The size of an area needed by a lynx increases with decreasing snowshoe hare density. It may eventually become two to ten times as large when hares are scarce. Large home ranges notwithstanding, in the early 1990s some adult female lynx still died of starvation because so few hares could be found even with expanded home ranges.

It takes an even larger home range to support wolves. On the Kenai Peninsula, wolf pack territory size is influenced by the number of wolves and the density and vulnerability of moose. In the late 1970's the average size of a wolf pack's territory was 246 square miles or about 6 times that of a cow moose.

Wolves living in mature forests where moose densities are low have pack territory sizes many times larger than wolves living in young forests where moose densities are higher. For example, a small pack was able to survive one winter in a moose-rich area of only 68 square miles, whereas a large pack that lived in mature forest used an area of 600 square miles.

Brown bears probably require the largest home ranges, but this is difficult to accurately quantify because of the uneven distribution of the bears' food supply. Salmon are very important food for brown bears on the Kenai Peninsula.

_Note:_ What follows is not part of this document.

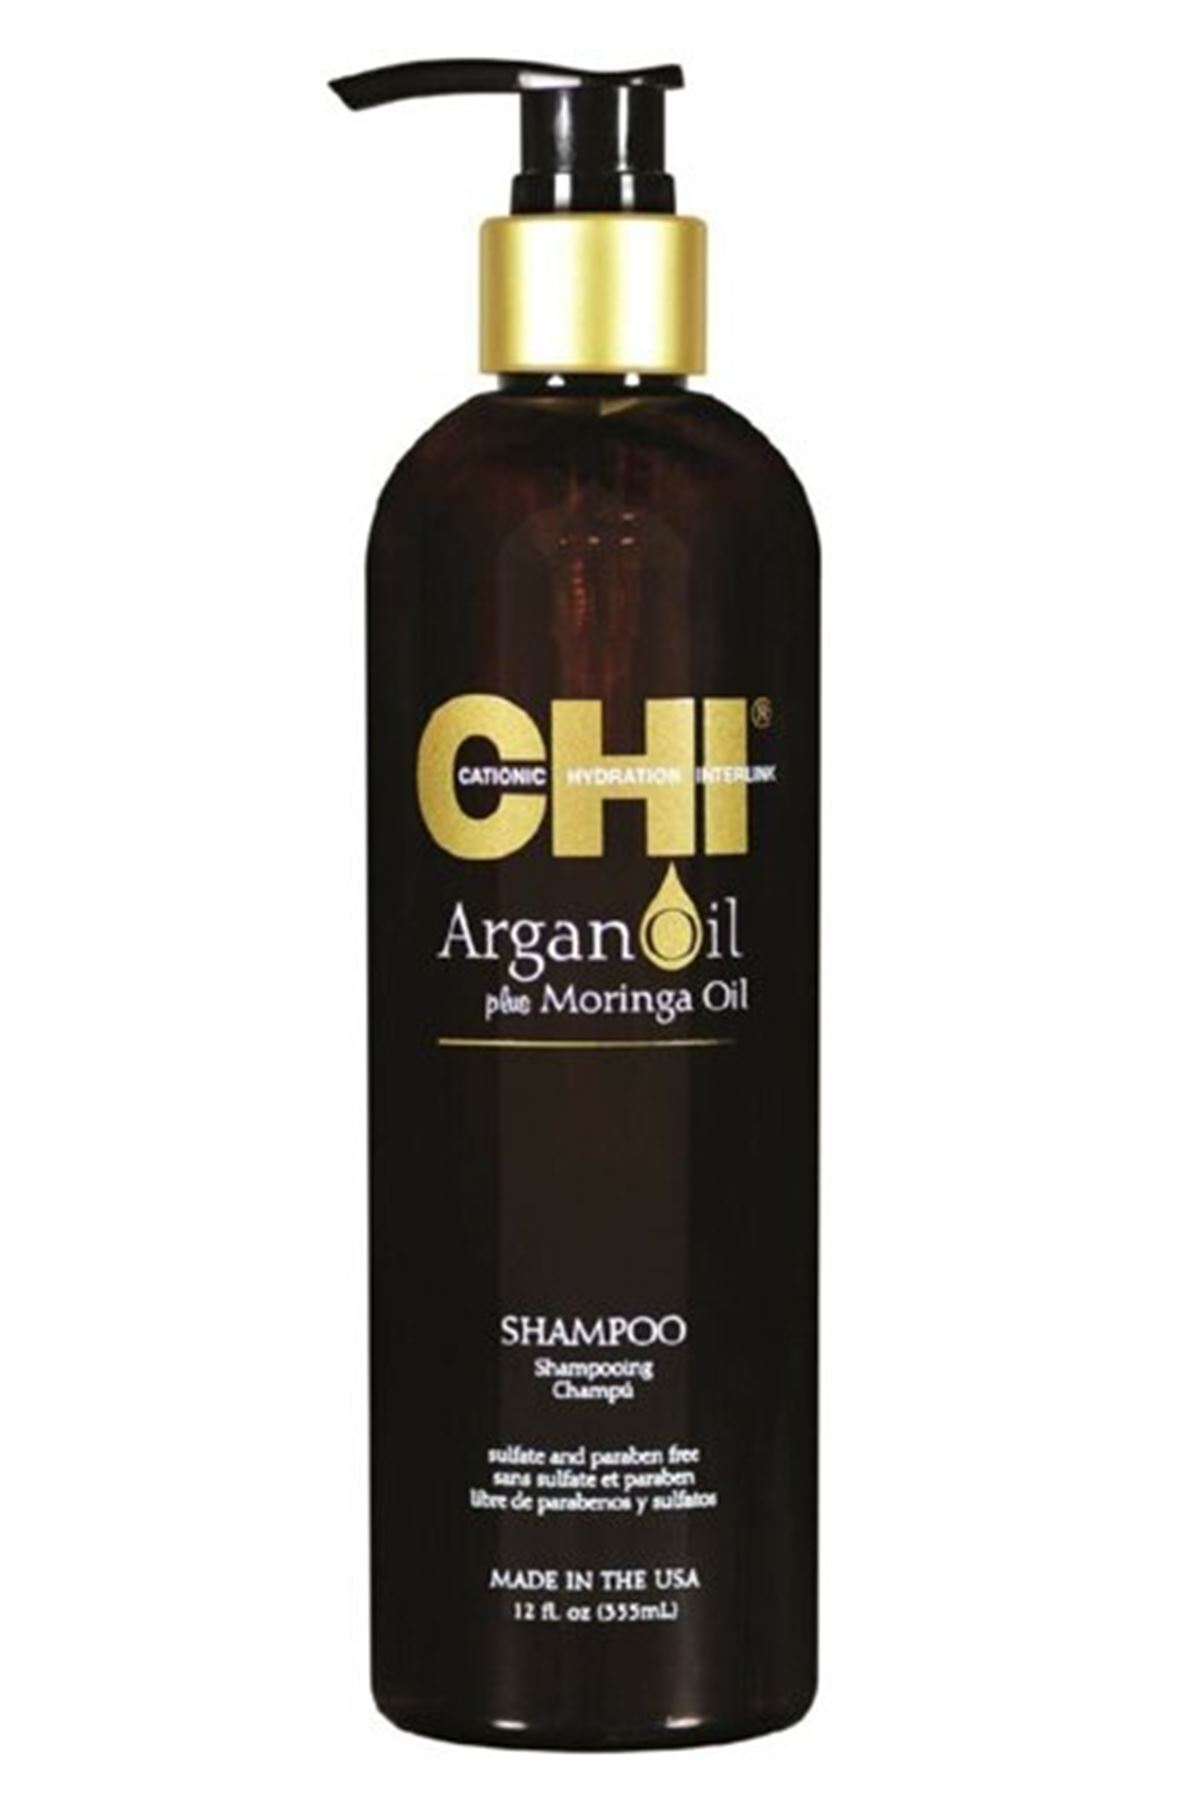 CHI Argan Plus Moringa Oil Sülfatsız Şampuan 355 ml

Some brown bears radio collared and monitored on the Refuge by the Interagency Brown Bear Study Team fed intensively on salmon in one stream then moved 15-30 miles to other streams to feed on different runs of spawning salmon.

In the spring after leaving their den, some bears search over large areas for carcasses of winter-killed moose or for fresh young plants growing in wet areas or in avalanche chutes. If one were to connect all of these feeding places into a single area of use for these particular bears, the area might be many hundreds of square miles in size. Even more important than the size of the area is the ability of the bears to move unhindered and safely between important feeding places, while using the habitat along the way.

These connecting habitat areas are as important to bears as the area between Soldotna and Kenai for people who live in one town and work in the other. From our radio-collar studies, we see that it takes a very large area to support a single moose, a resident breeding lynx, a pack of wolves, and a wide-ranging brown bear on the Kenai Peninsula. With a human population growth rate of 2.2% per year on the Kenai Peninsula, lots of land is being subdivided and developed, and our former large areas are shrinking.

This may not be noticeable from one day to the next, but the cumulative loss over five or ten or fifteen years can be pretty severe if you are one of those critters that lives off the land. In the next century, public lands on the Kenai are the only hope for preserving large areas for wildlife, and these lands will only be preserved with solid public support and far-thinking political leadership.

Ted Bailey, a supervisory wildlife biologist, has been responsible for the Kenai National Wildlife Refuge's biology programs since 1977. He and his wife Mary live near Soldotna.